The government's position on top-up fees remains robust, despite the prospect of a large-scale rebellion by Labour MPs over the forthcoming legislation.

Paul Mackney, general secretary of lecturers' union Natfhe, told a fringe meeting that people should not have to take out a second mortgage to get a degree.

Presaging prime minister Tony Blair's conference message of no retreat on policy reform, Mr Clarke used his speech to conference to stress the "fairness" of the government's proposals for top-up fees. In answer to opponents' claims that higher education should be free, funded through increased taxation, he made clear that any additional tax revenue would go to early years education.

Higher education came last in the list of spending priorities contained in Mr Clarke's speech, in which he told delegates that average public investment for three-year-olds stood at £1,800 a year, compared with £4,000 for every secondary-school pupil and £5,300 a year for every university student.
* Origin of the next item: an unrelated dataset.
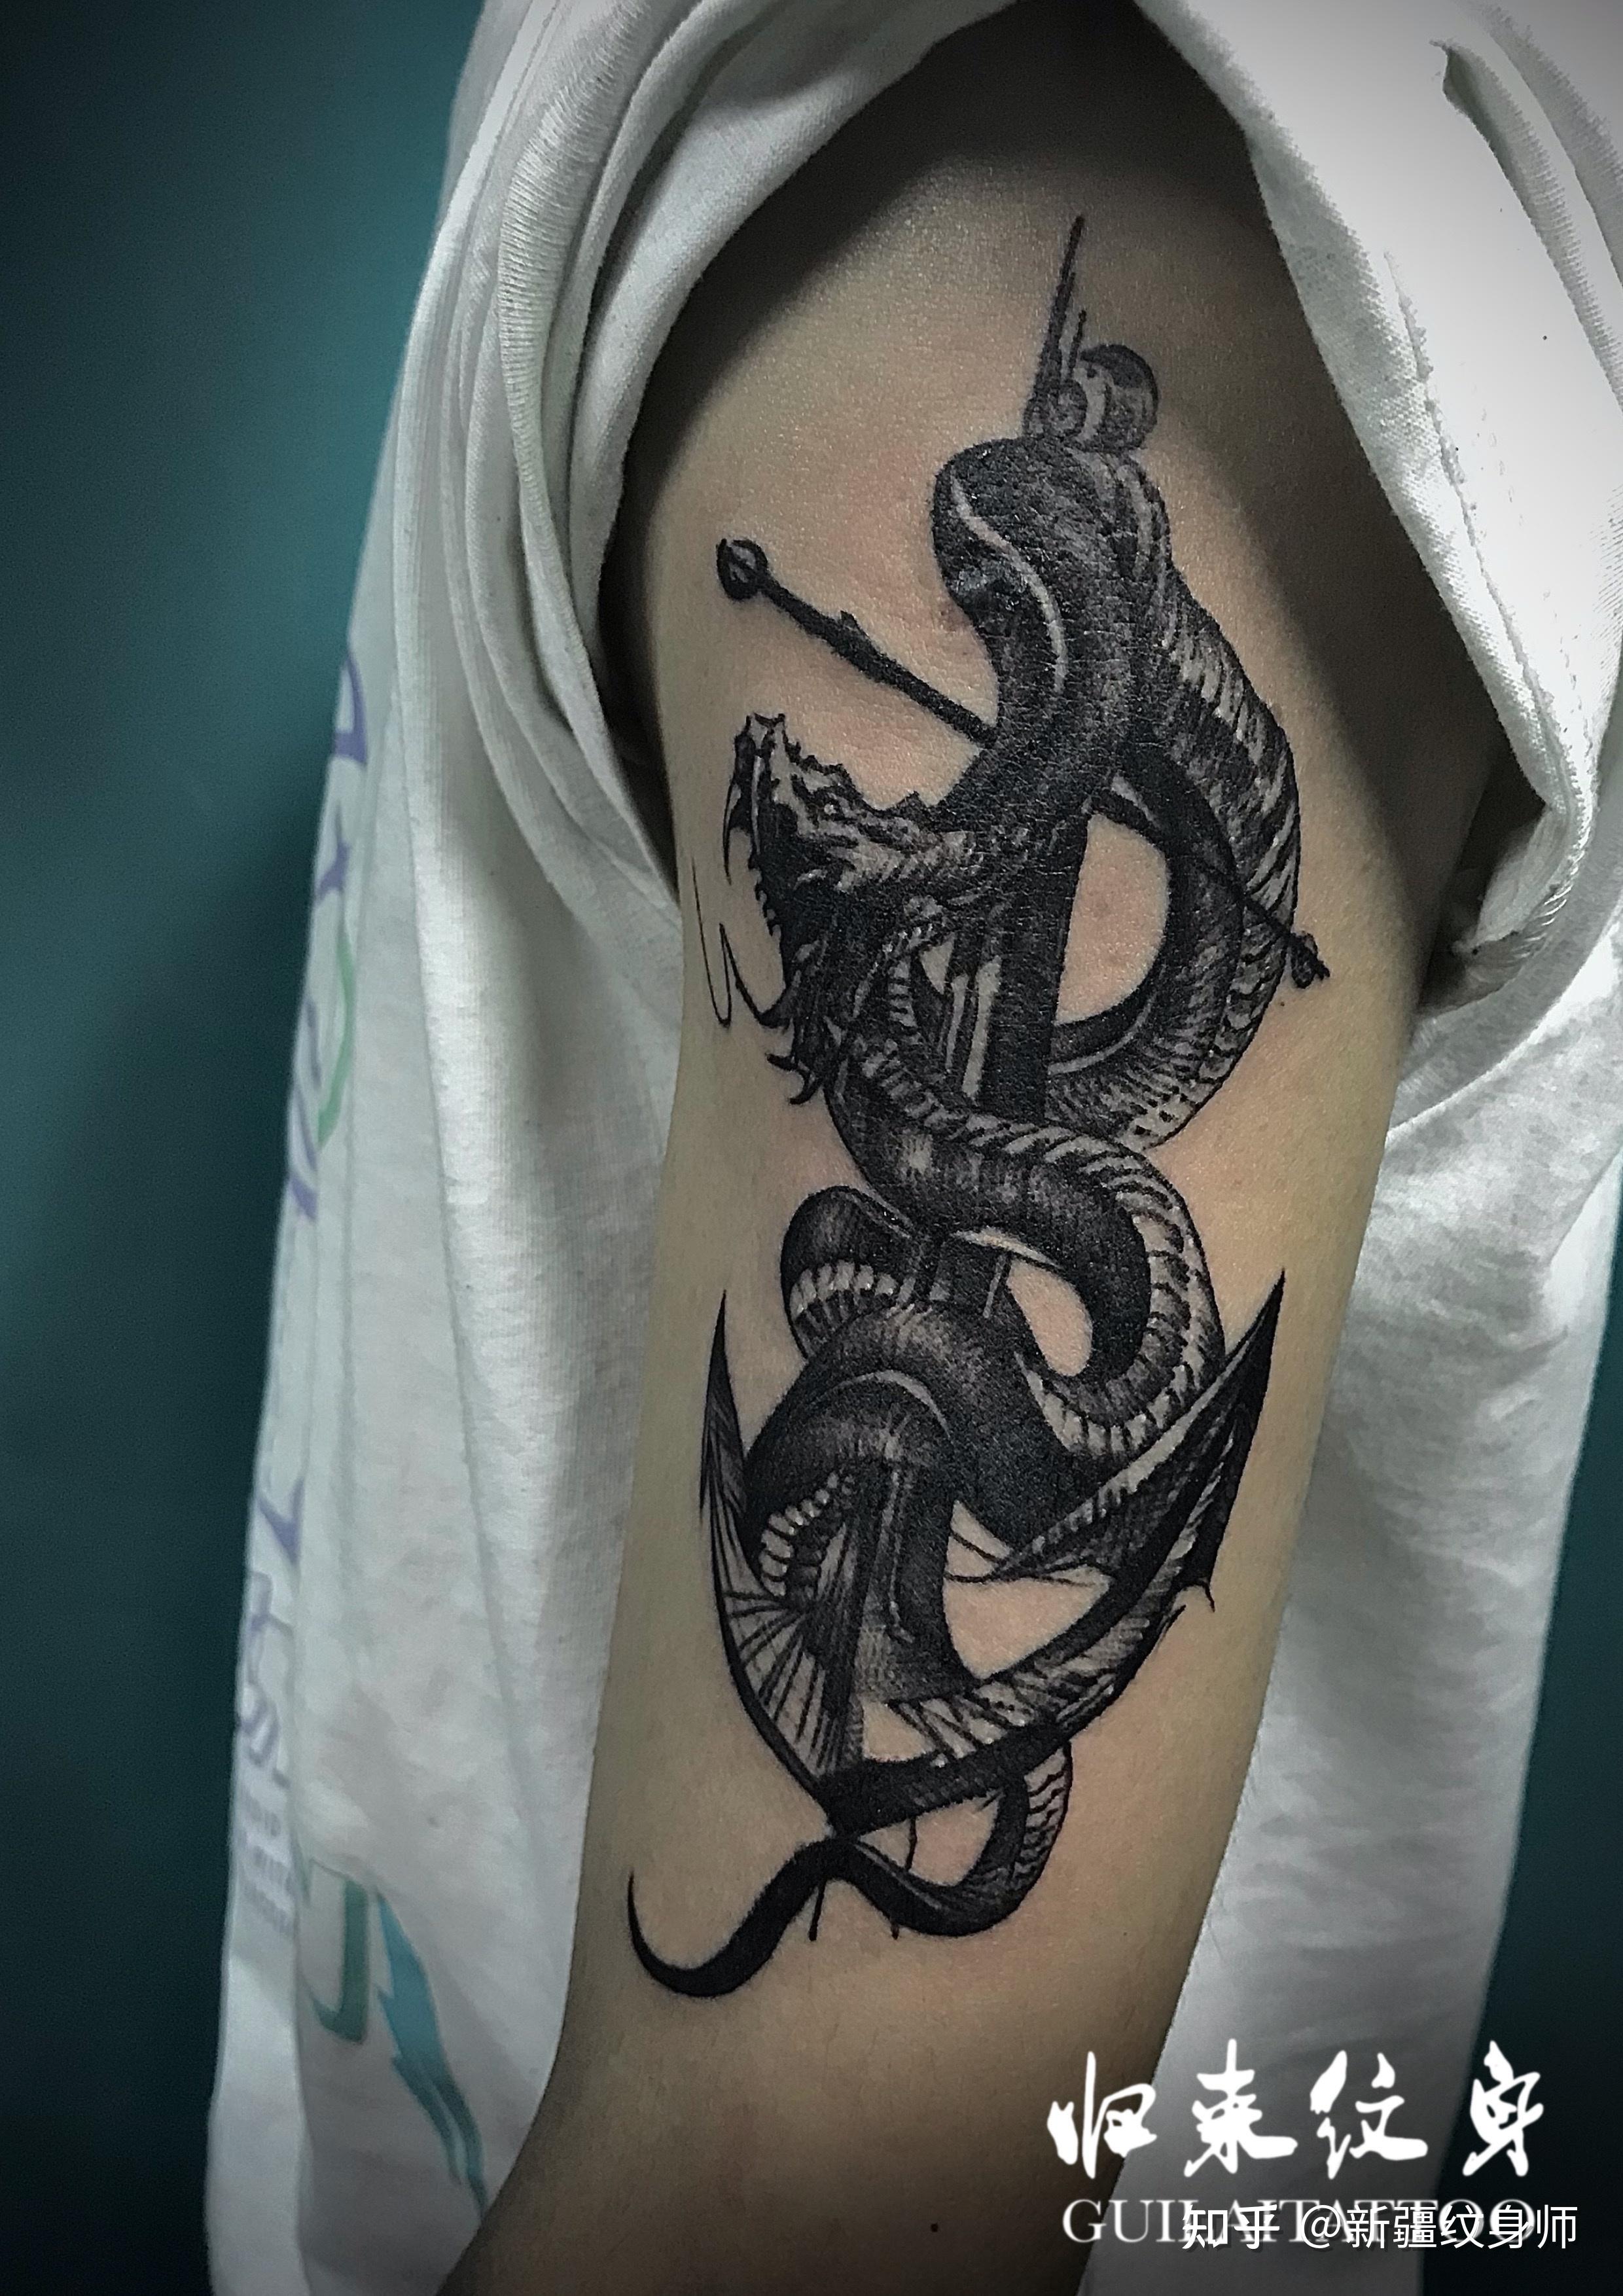 今日纹身作品一一大蟒蛇

He said: "Of course the taxpayer will, quite rightly, always pay the lion's share. But I believe that it is reasonable and fair to ask graduates to pay a proportion of the costs of the university education from which they benefit for the rest of their lives."

The Conservative Party's plans to abolish all tuition charges, paid for by halting further growth in student numbers, were savaged by Mr Clarke, who called them the "enemy of aspiration and the enemy of achievement".

In his conference speech on Tuesday, Mr Blair asked how the government was supposed to fund further expansion in higher education when the sector could not rely on additional income from the Treasury. He said the government's proposals for higher fees driving expansion would turn higher education into a right for the many rather than a privilege for the few.

* Employers could be forced to contribute to the education of their staff as part of government plans for improving workforce skills, education minister Alan Johnson said this week.

Mr Johnson, who was speaking at a Labour Party conference fringe meeting on further education, said that the skills alliance, which includes ministers and business leaders, "may well consider compulsory levies" on employers to support training.